Actor James Dean has symbolized teen rebellion for 60 years, but it was a tough kid from Hollywood who showed him the fine points.
The hot-tempered leader of a street gang called the Athenians, Frank Mazzola staged the famous knife fight in “Rebel Without a Cause,” Dean’s landmark 1955 film about violent, disaffected, middle-class youth. He advised Dean and director Nicholas Ray on gang talk and gang dress. He also steered the filmmakers away from an embarrassing choice of vehicles in the climactic “chickie run” showdown.
“They had cars in the script that were like a model the Dead End Kids would drive,” he told Lawrence Frascella and Al Weisel for “Live Fast, Die Young,” their 2005 book about “Rebel Without a Cause.” “They weren’t custom cars like we had.”
Mazzola, who went on to become an accomplished film editor, died Jan. 13, according to Jaime Larkin, a spokeswoman for the Motion Picture and Television Fund in Woodland Hills. He was 79.
The cause of Mazzola’s death was not disclosed. However, he had Alzheimer’s disease and disappeared from his West Hollywood home for four days in June.
Mazzola was born in Hollywood on March 7, 1935, to a family that had worked in and around movies for generations. His father, Leonard Al Mazzola, was a stuntman and actor who got his start in silent films. As a child, Frank Mazzola was an extra in “The Hunchback of Notre Dame” (1939) and other films.

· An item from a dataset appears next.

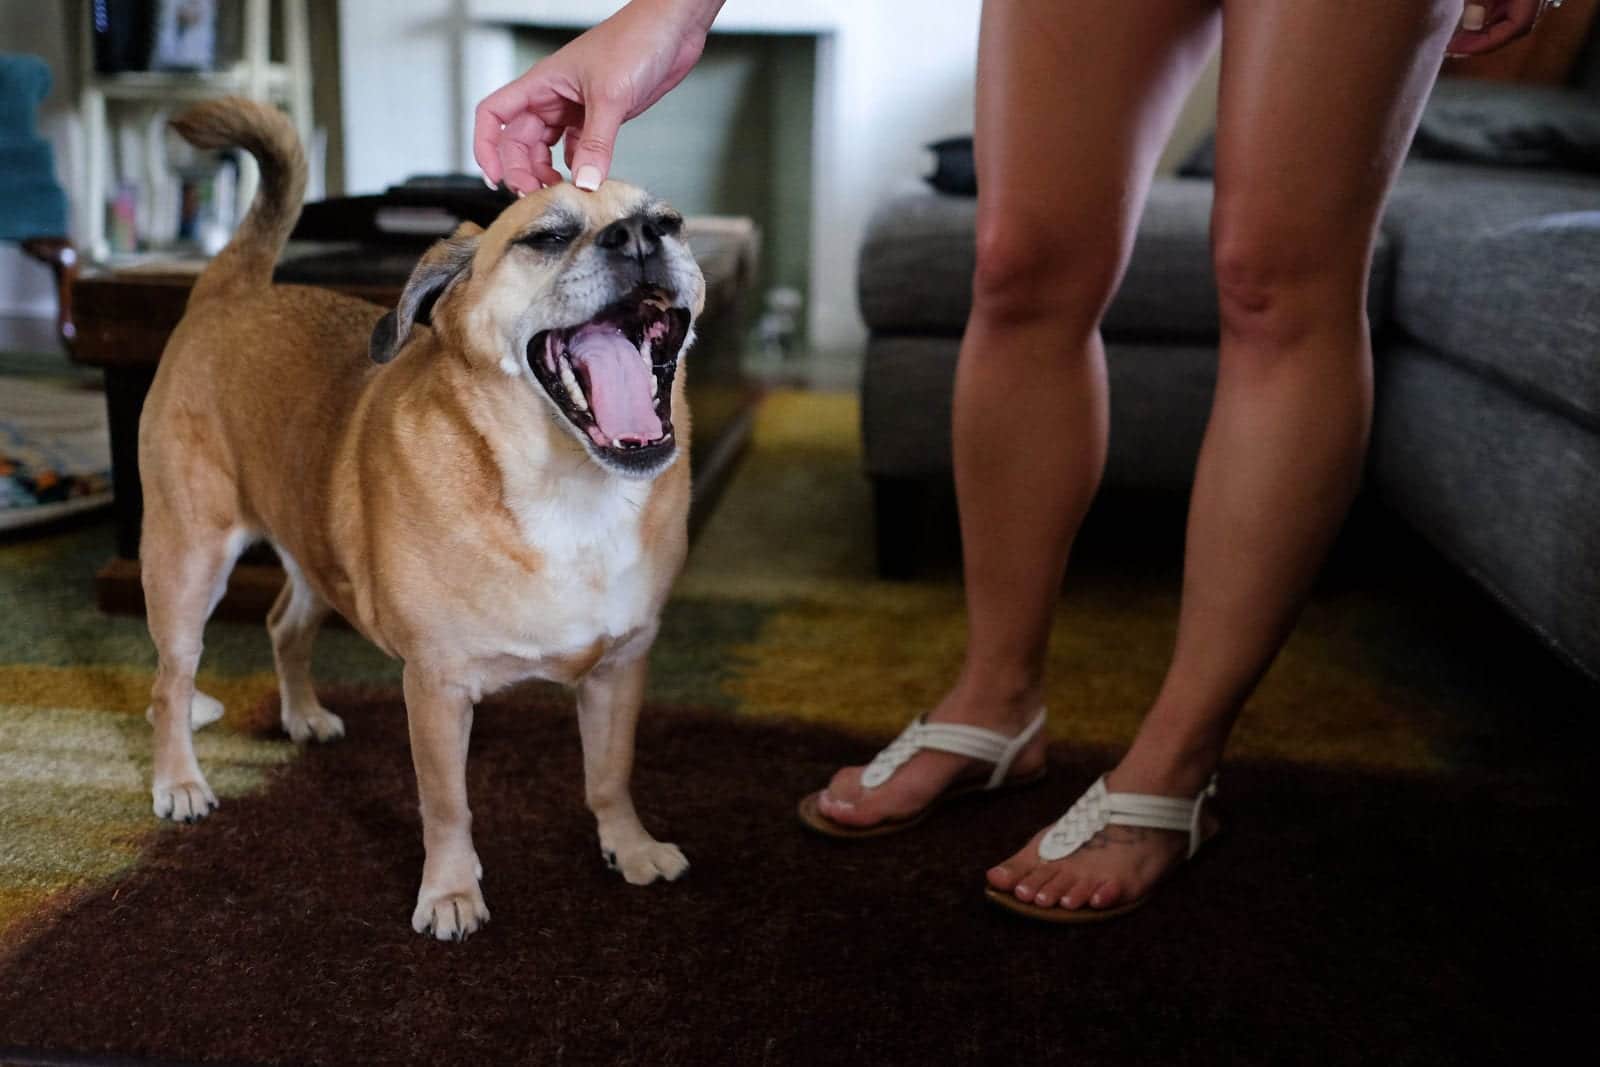 A puggle yawns as his owner scratches the top of his head.

By the time he was 19, he had graduated from Hollywood High School and briefly attended the University of Oregon. But much of his life was dominated by the Athenians — so named, he told The Times in 2000, because “the guys were athletes and some were scholars.” Their ranks included a kid named Syd Field, who later became a well-known scriptwriting guru.
“It wasn’t like Scorsese’s ‘Mean Streets’ of New York,” Mazzola said. “It was Hollywood.”
Still, Mazzola, by his account, was involved in violence, from shoving matches on Hollywood Boulevard to stabbings in San Bernardino. He told an interviewer that he once smashed an opponent hard enough to send him flying through a shattered second-story window.
When he tried to muscle his way onto the set of “Rebel Without a Cause,” the casting director saw trouble and threw him out. But Mazzola came back, managed to sneak up to Ray’s office, and impressed the director with his authenticity. He was given a $200 consulting fee, an office, and a script.
He hit the streets with scriptwriter Stewart Stern, who compiled a list of 52 phrases that seemed to be current at all the teen hangouts: Too much, twisted, hang loose, crazy, flake out, cool, grass, fuzz, and more.
Mazzola had seen Dean on the set of “East of Eden” but didn’t know him. “My first impression was that Jimmy was like a wild animal out of a cage,” Mazzola, who had a small part in the film, said years later. “He was telling people to back away and to not look at him.”
For “Rebel Without a Cause,” Mazzola took Dean to meet the Athenians. They sparred in a boxing ring. They hung out. Mazzola told him a little about fighting, reminding him to wrap his jacket around his forearm during the knife fight scene — a maneuver Mazzola said he had developed through necessity.
Ultimately, Mazzola played the part of a gang member named Crunch. In some ways, he said, Dean played him, adopting his characteristic pose of leaning against a wall in his red jacket and T-shirt, his foot up and his arms crossed.
Dean, who terrified Mazzola with his crazy driving on the tortuous road through Laurel Canyon, died in a car crash on Sept. 30, 1955, in Central California.
Mazzola went on to work behind the scenes at several studios, editing his first films in the late 1960s.
He became well-known for his work with British director Donald Cammell, first on “Performance” (1970).
“I almost got into a fight when one of the producers walked in like he was a tough guy, saying, ‘No flashbacks, no flash-forwards, no cuts less than 10 frames,’” Mazzola later recalled. “I told him the only person I cut for is the director — period. He said, ‘I’m the money guy,’ blah blah — all that nonsense.”
Mazzola was similarly independent during his restoration of Cammell’s “Wild Side” (2000).
The director had committed suicide in 1996. When Mazzola viewed his friend’s final film, he said he “let out one of those primal screams. I kept running out of the room, coming back and watching it through my fingers. It was a complete embarrassment.”
Mazzola’s reworking of it undid changes wrought by the studio.
“Under Mazzola’s microsurgery, it emerges as classic cinema,” said the Guardian, a British newspaper.
Mazzola’s survivors include four daughters and three grandchildren.
Services will be at Blessed Sacrament Catholic Church in Hollywood on Jan. 31 at 11:30 a.m.